§ Problem requirements
Pictures are to be dropped from the copy. Retype the listing exactly.

§ Data excerpt
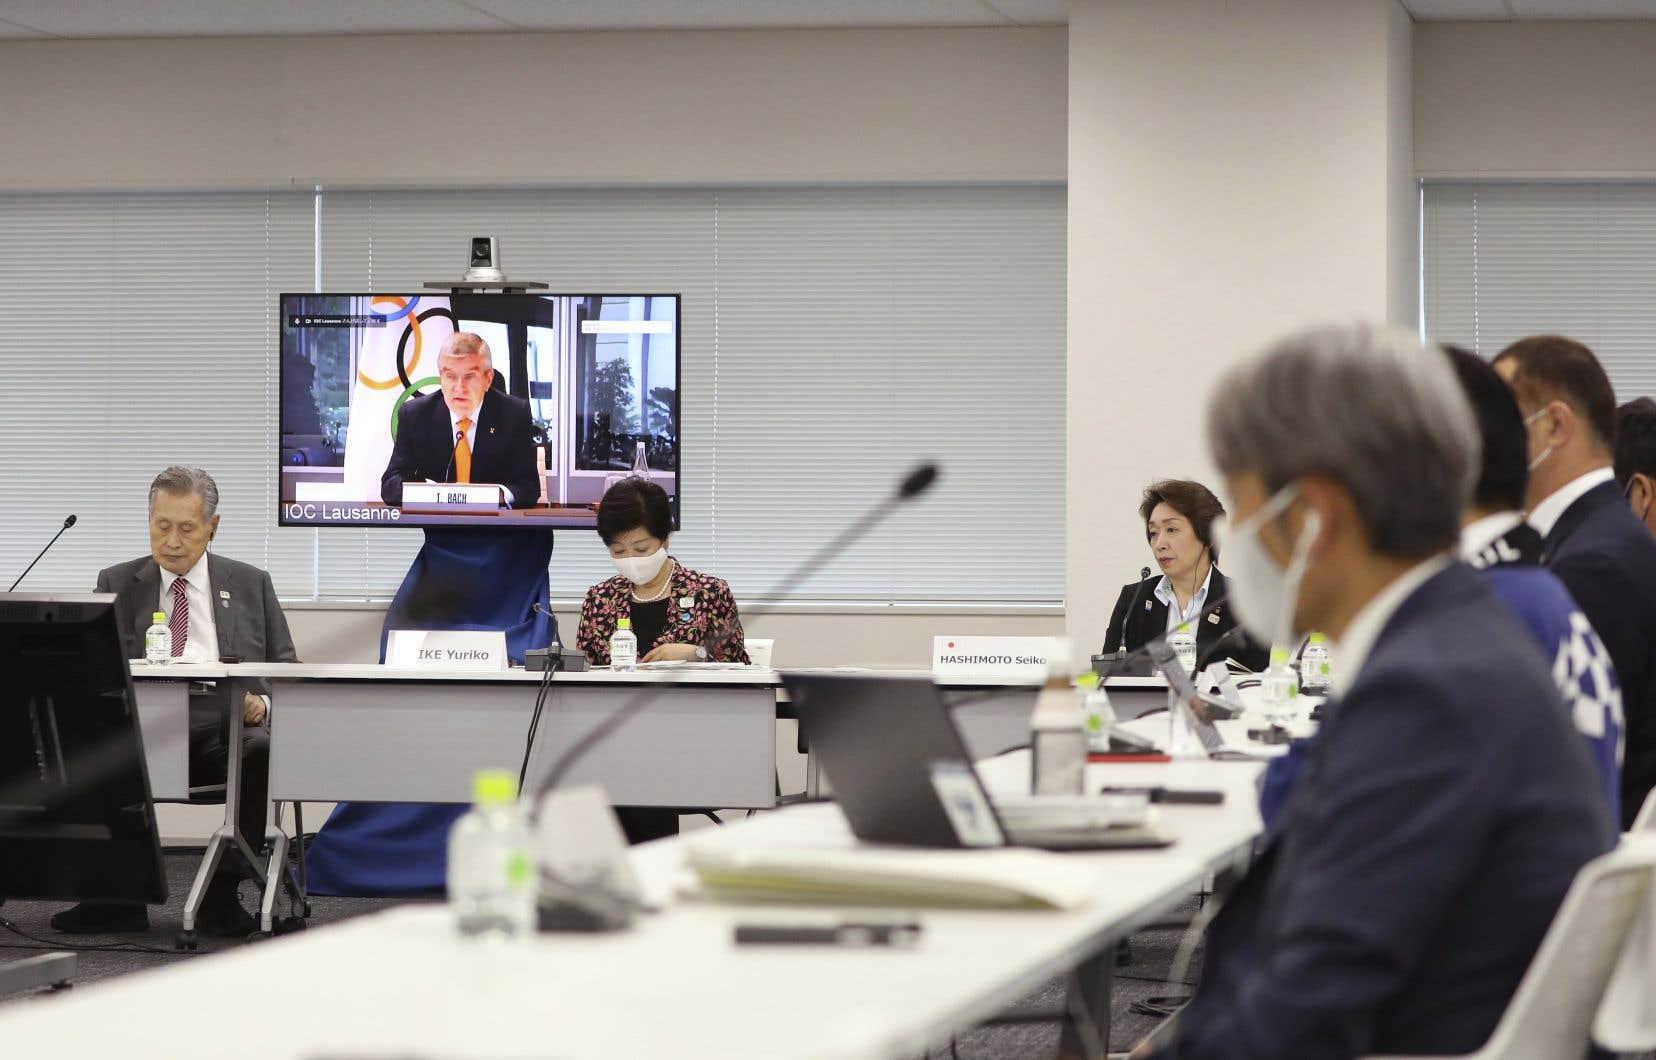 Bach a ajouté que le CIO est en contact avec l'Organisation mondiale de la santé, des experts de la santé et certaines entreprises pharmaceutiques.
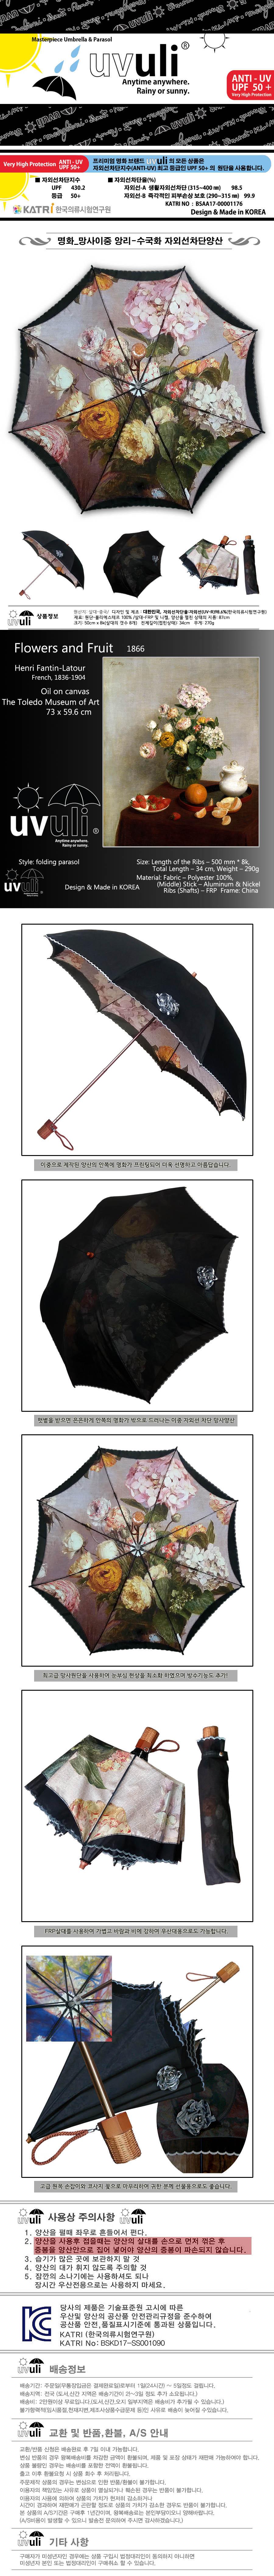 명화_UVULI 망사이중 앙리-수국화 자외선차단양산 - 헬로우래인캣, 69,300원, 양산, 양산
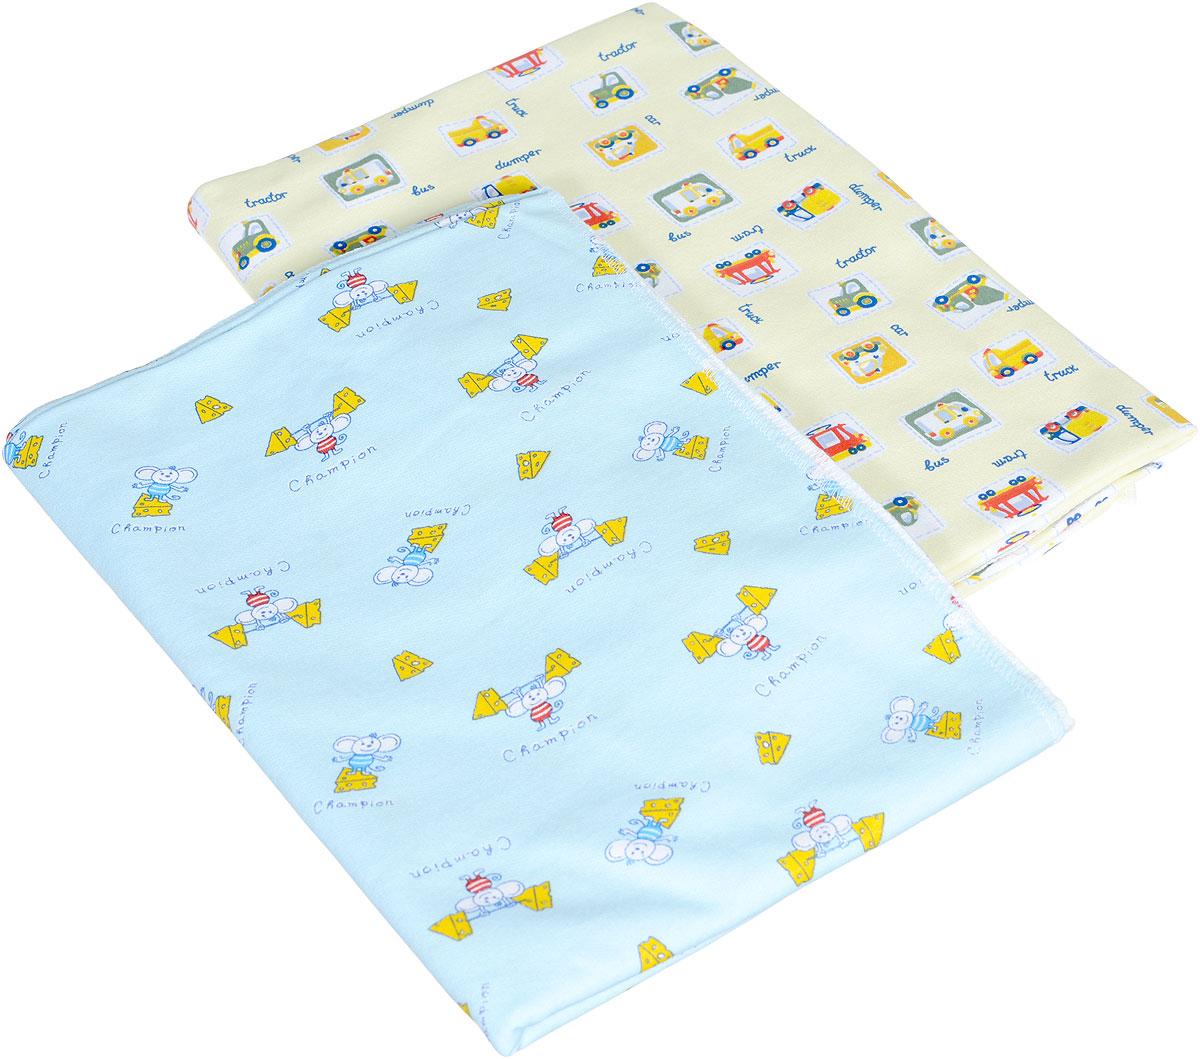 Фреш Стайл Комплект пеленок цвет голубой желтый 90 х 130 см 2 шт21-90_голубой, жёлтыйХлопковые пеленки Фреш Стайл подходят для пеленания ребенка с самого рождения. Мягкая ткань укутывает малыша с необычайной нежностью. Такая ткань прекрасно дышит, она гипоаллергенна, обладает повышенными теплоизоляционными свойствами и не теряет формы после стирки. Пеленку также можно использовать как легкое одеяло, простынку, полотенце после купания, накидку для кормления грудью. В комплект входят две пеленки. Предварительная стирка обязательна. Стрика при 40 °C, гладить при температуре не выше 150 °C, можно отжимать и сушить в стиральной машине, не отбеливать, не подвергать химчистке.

§ Exercise response
 Bach a ajouté que le CIO est en contact avec l'Organisation mondiale de la santé, des experts de la santé et certaines entreprises pharmaceutiques.
 명화_UVULI 망사이중 앙리-수국화 자외선차단양산 - 헬로우래인캣, 69,300원, 양산, 양산
 Фреш Стайл Комплект пеленок цвет голубой желтый 90 х 130 см 2 шт21-90_голубой, жёлтыйХлопковые пеленки Фреш Стайл подходят для пеленания ребенка с самого рождения. Мягкая ткань укутывает малыша с необычайной нежностью. Такая ткань прекрасно дышит, она гипоаллергенна, обладает повышенными теплоизоляционными свойствами и не теряет формы после стирки. Пеленку также можно использовать как легкое одеяло, простынку, полотенце после купания, накидку для кормления грудью. В комплект входят две пеленки. Предварительная стирка обязательна. Стрика при 40 °C, гладить при температуре не выше 150 °C, можно отжимать и сушить в стиральной машине, не отбеливать, не подвергать химчистке.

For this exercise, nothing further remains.